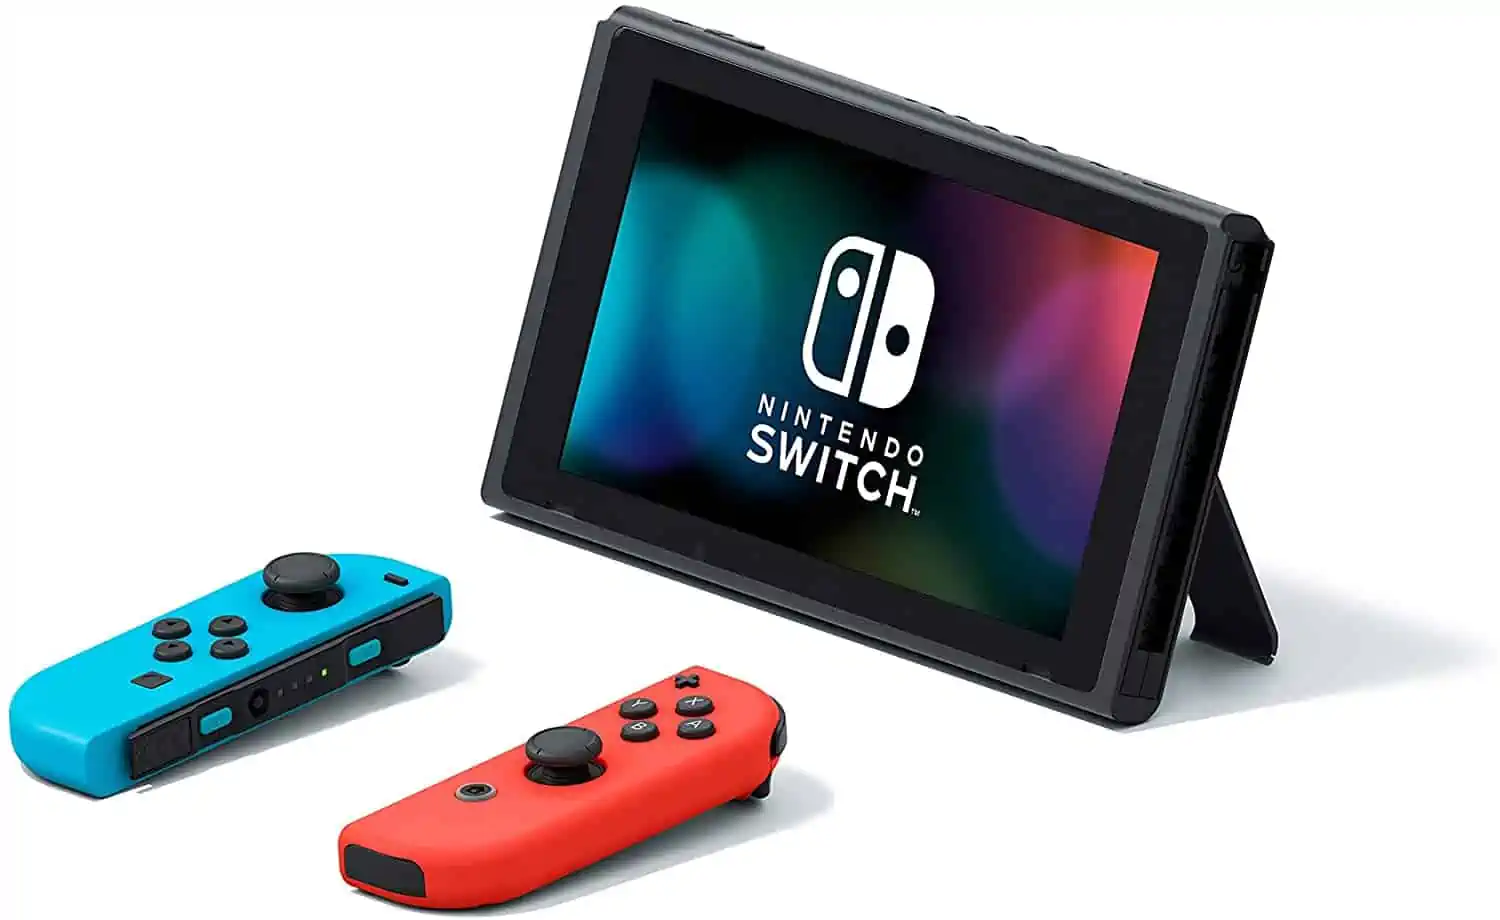 A Nintendo Switch with red and blue controllers.
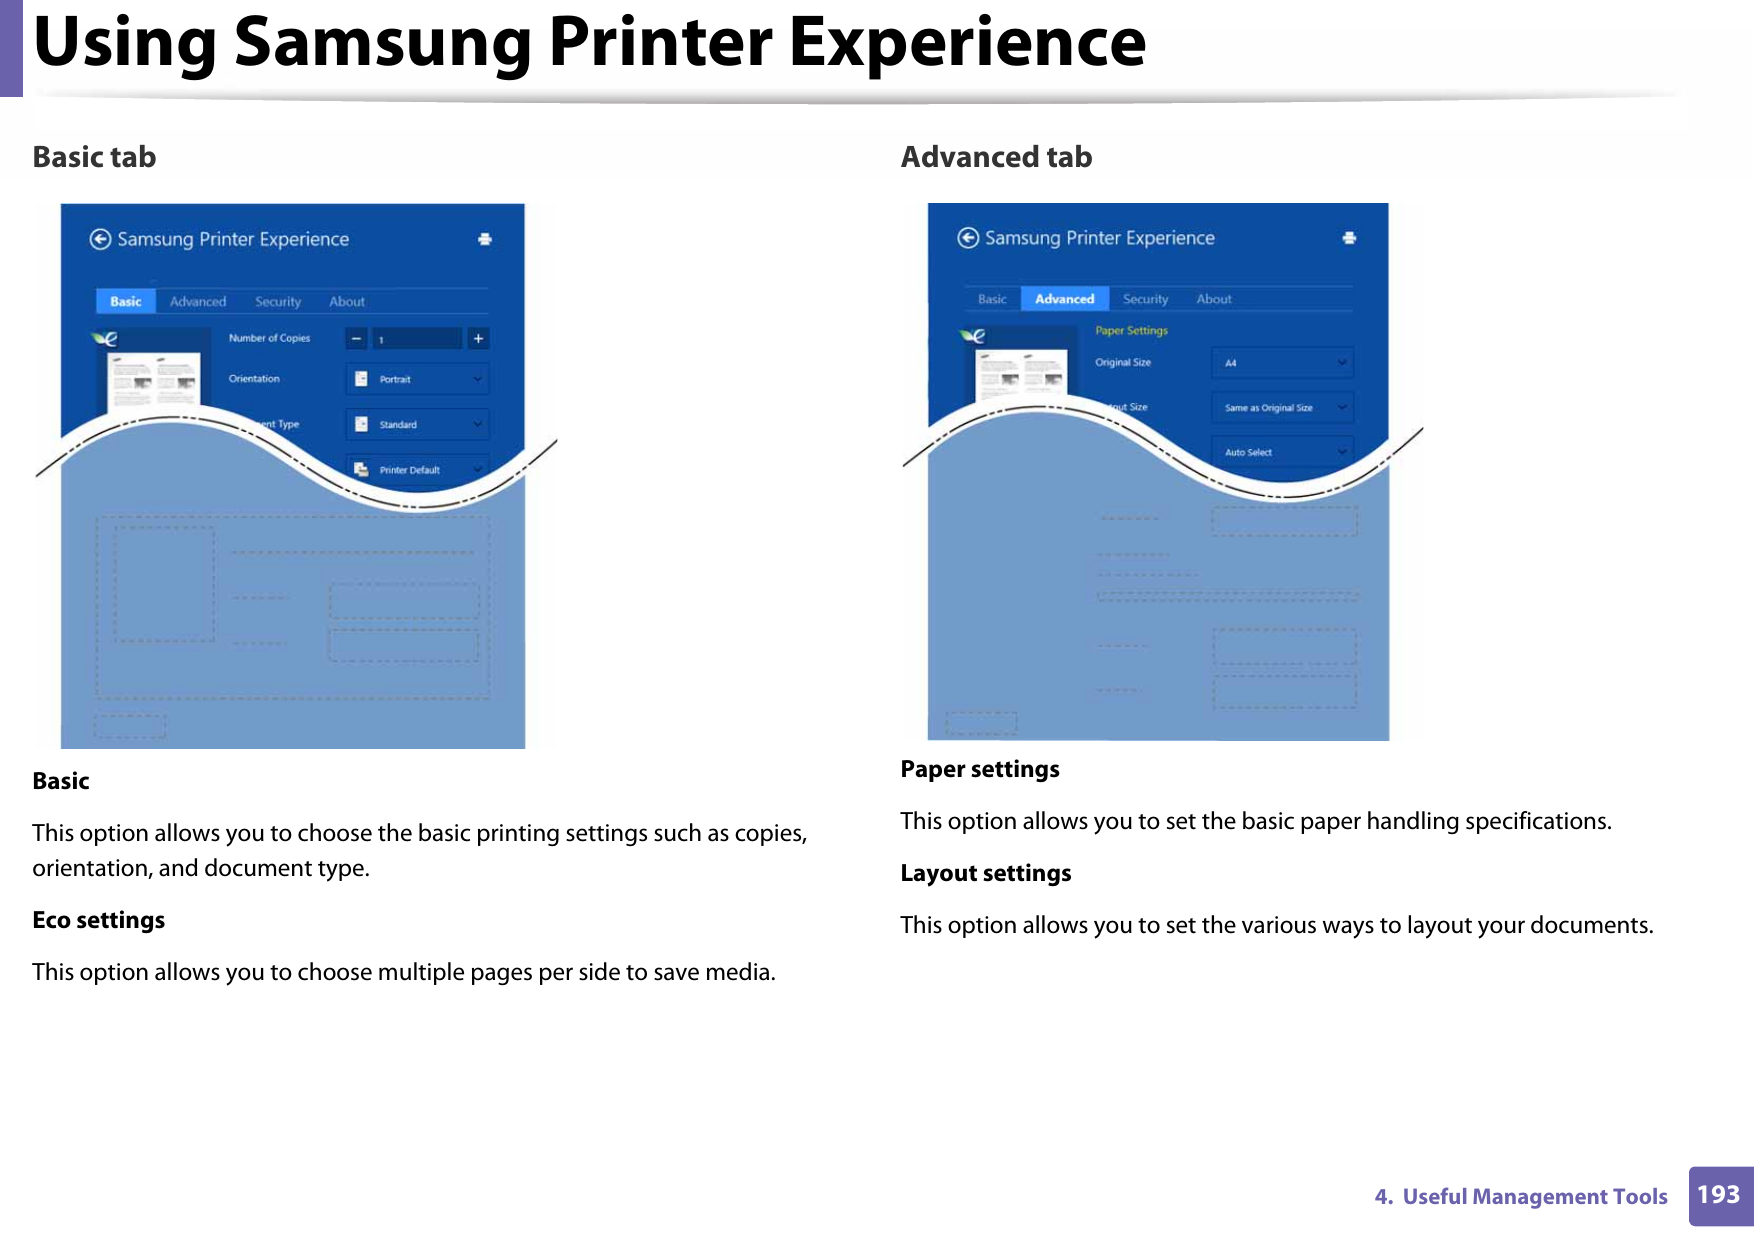 Using Samsung Printer Experience1934.  Useful Management ToolsBasic tabBasicThis option allows you to choose the basic printing settings such as copies, orientation, and document type.Eco settingsThis option allows you to choose multiple pages per side to save media.Advanced tabPaper settingsThis option allows you to set the basic paper handling specifications.Layout settingsThis option allows you to set the various ways to layout your documents.
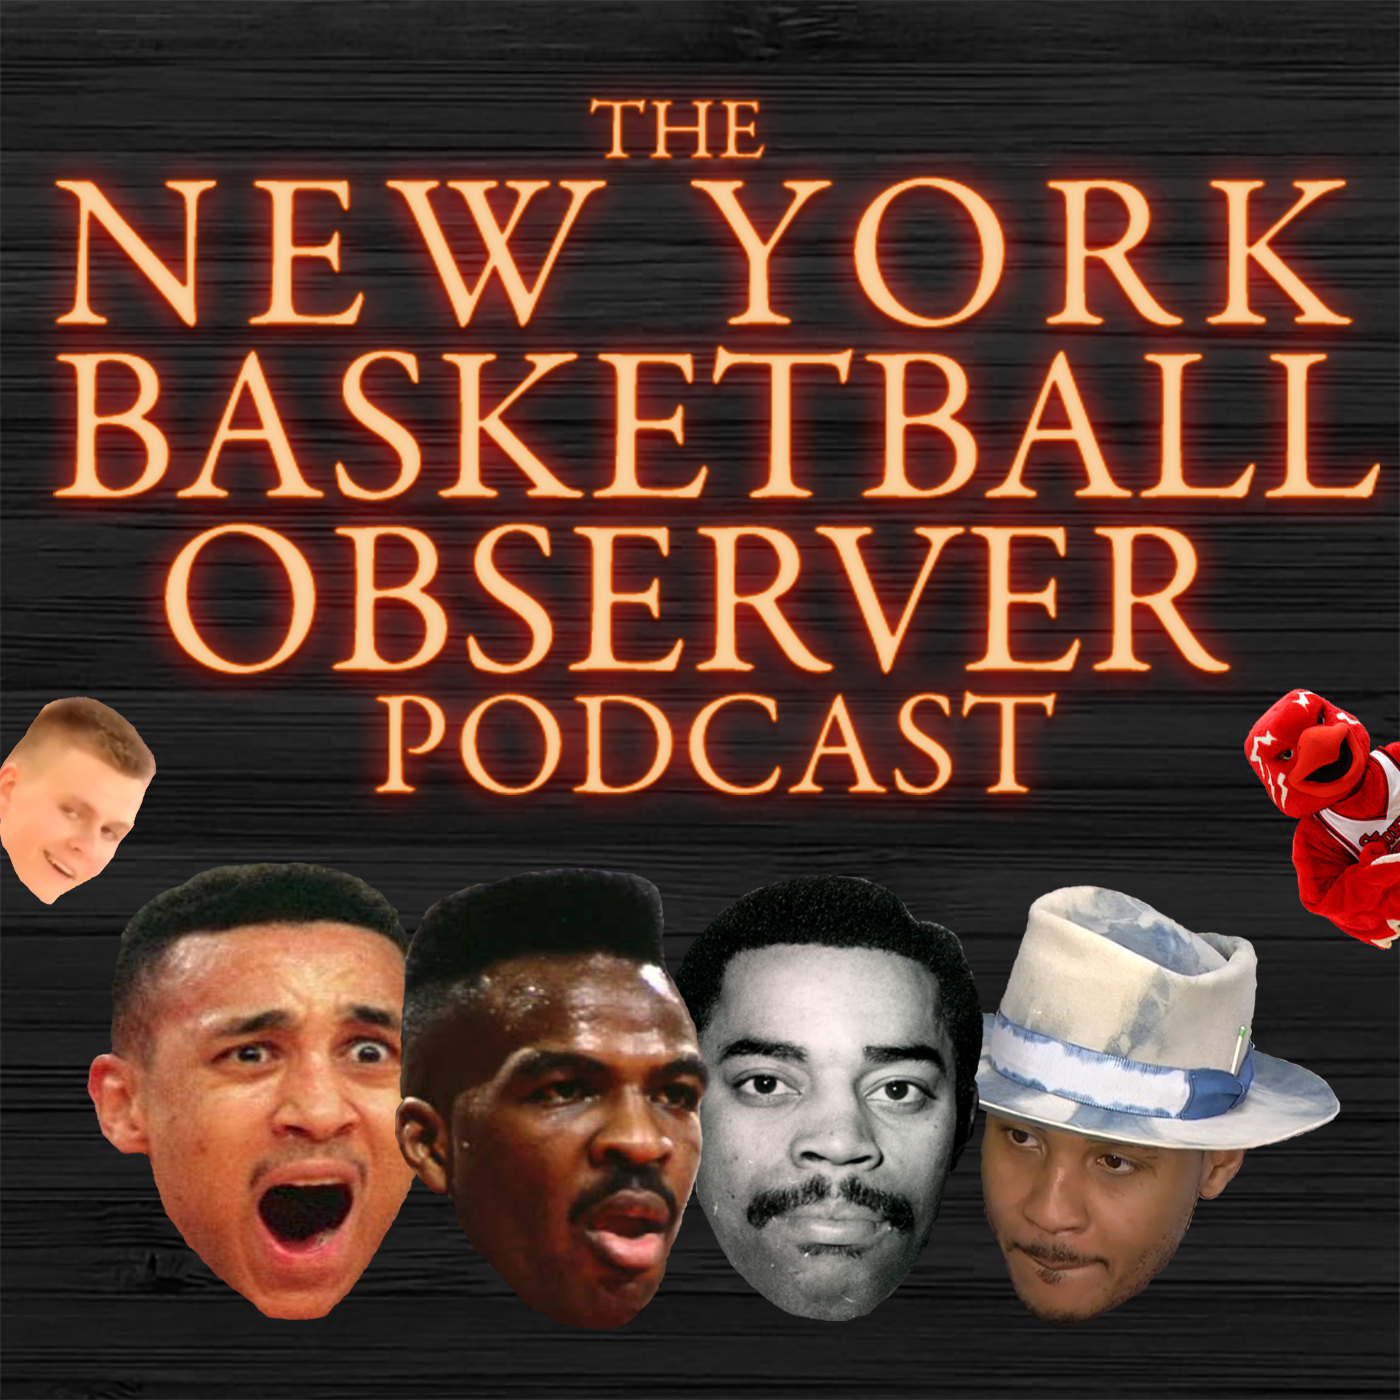 EPISODE 3 - (PART 2 OF 2) WHAT EACH KNICK SHOULD WORK ON THIS SUMMER

What the task asks: Since pictures are not part of the copy, set down only the remaining data exactly.

Written answer:
 A Nintendo Switch with red and blue controllers.
 Using Samsung Printer Experience1934.  Useful Management ToolsBasic tabBasicThis option allows you to choose the basic printing settings such as copies, orientation, and document type.Eco settingsThis option allows you to choose multiple pages per side to save media.Advanced tabPaper settingsThis option allows you to set the basic paper handling specifications.Layout settingsThis option allows you to set the various ways to layout your documents.
 EPISODE 3 - (PART 2 OF 2) WHAT EACH KNICK SHOULD WORK ON THIS SUMMER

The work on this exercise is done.